Il peso della farfalla

Copertina anteriore
Feltrinelli Editore - 80 pagine
“Erri De Luca è lo scrittore del decennio” Corriere della Sera Il re dei camosci è un animale ormai stanco. Solitario e orgoglioso, da anni ha imposto al branco la sua supremazia. Forse è giunto il tempo che le sue corna si arrendano a quelle di un figlio più deciso. È novembre, tempo di duelli: è il tempo delle femmine. Dalla valle sale l’odore dell’uomo, dell’assassino di sua madre. Anche l’uomo, quell’uomo, era in là negli anni, e gran parte della sua vita era passata a cacciare di frodo le bestie in montagna.
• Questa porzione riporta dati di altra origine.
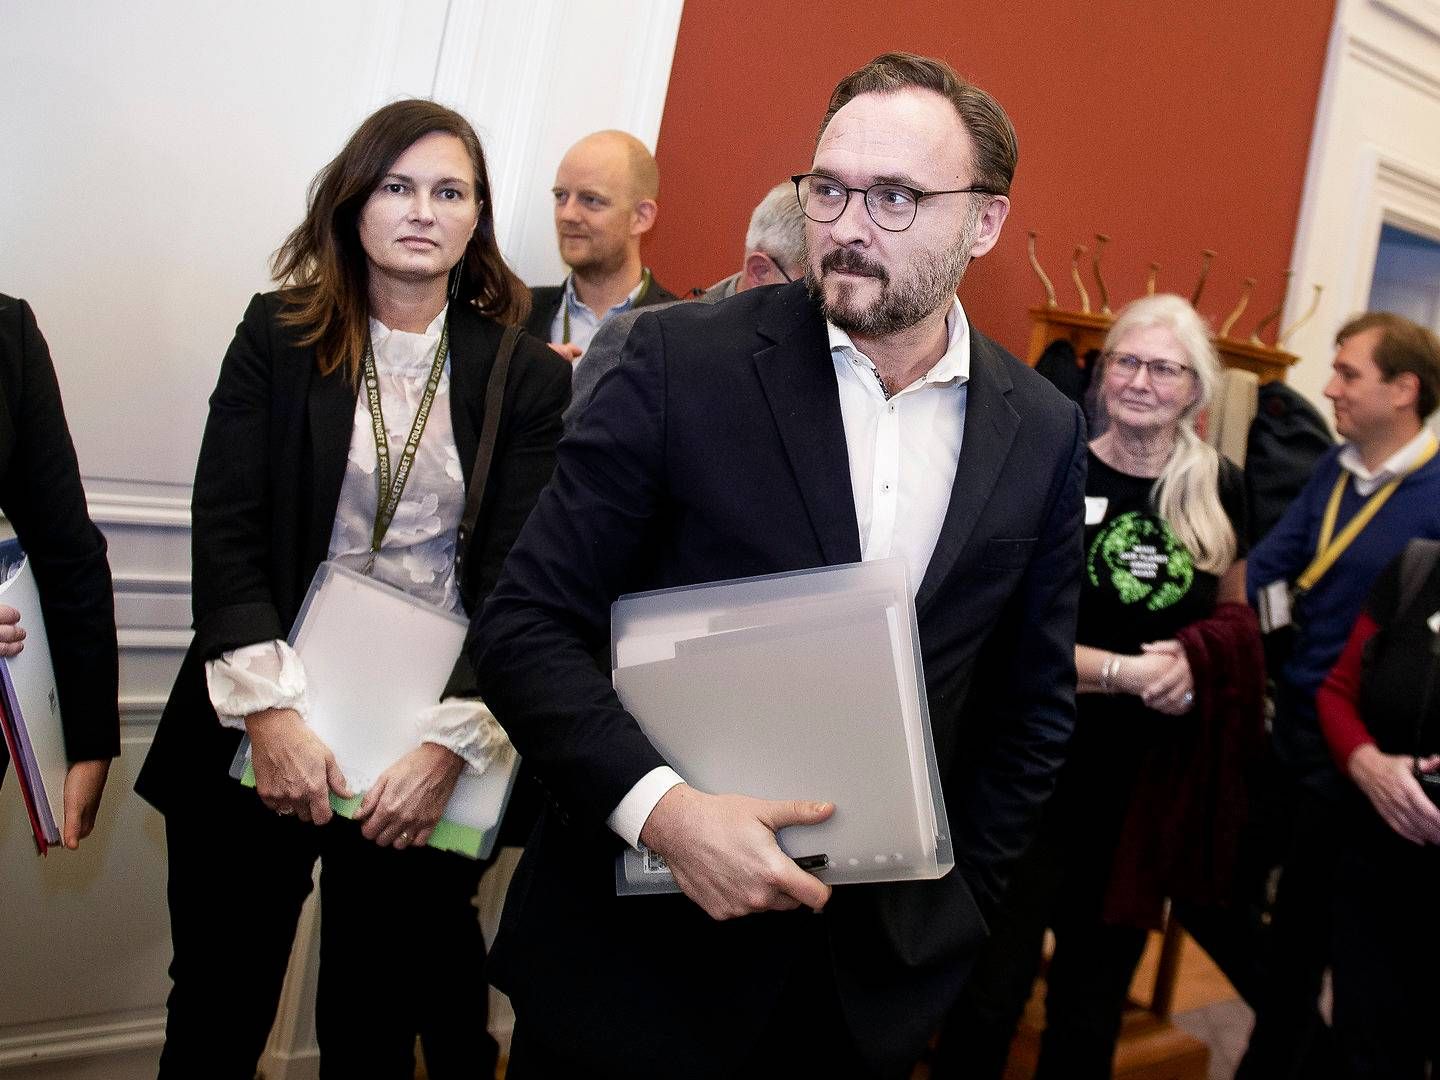 Klima-, energi- og forsyningsminister Dan Jørgensen (S) har i et svar opgjort, at navneændringen har kostet 141.546,20 kr. | Foto: Liselotte Sabroe / Ritzau Scanpix

E anche quell’uomo porta, impropriamente, il nome di “re dei camosci” per quanti ne ha uccisi. Erri De Luca spia l’imminenza dello scontro, di un duello che sembra contenere tutti i duelli. Lo fa entrando in due solitudini diverse: quella del grande camoscio fermo sotto l’immensa e protettiva volta del cielo e quella del cacciatore, del ladro di bestiame, che non ha mai avuto una vera storia da raccontare per rapire l’attenzione delle donne, per vincere la sua battaglia con gli altri uomini.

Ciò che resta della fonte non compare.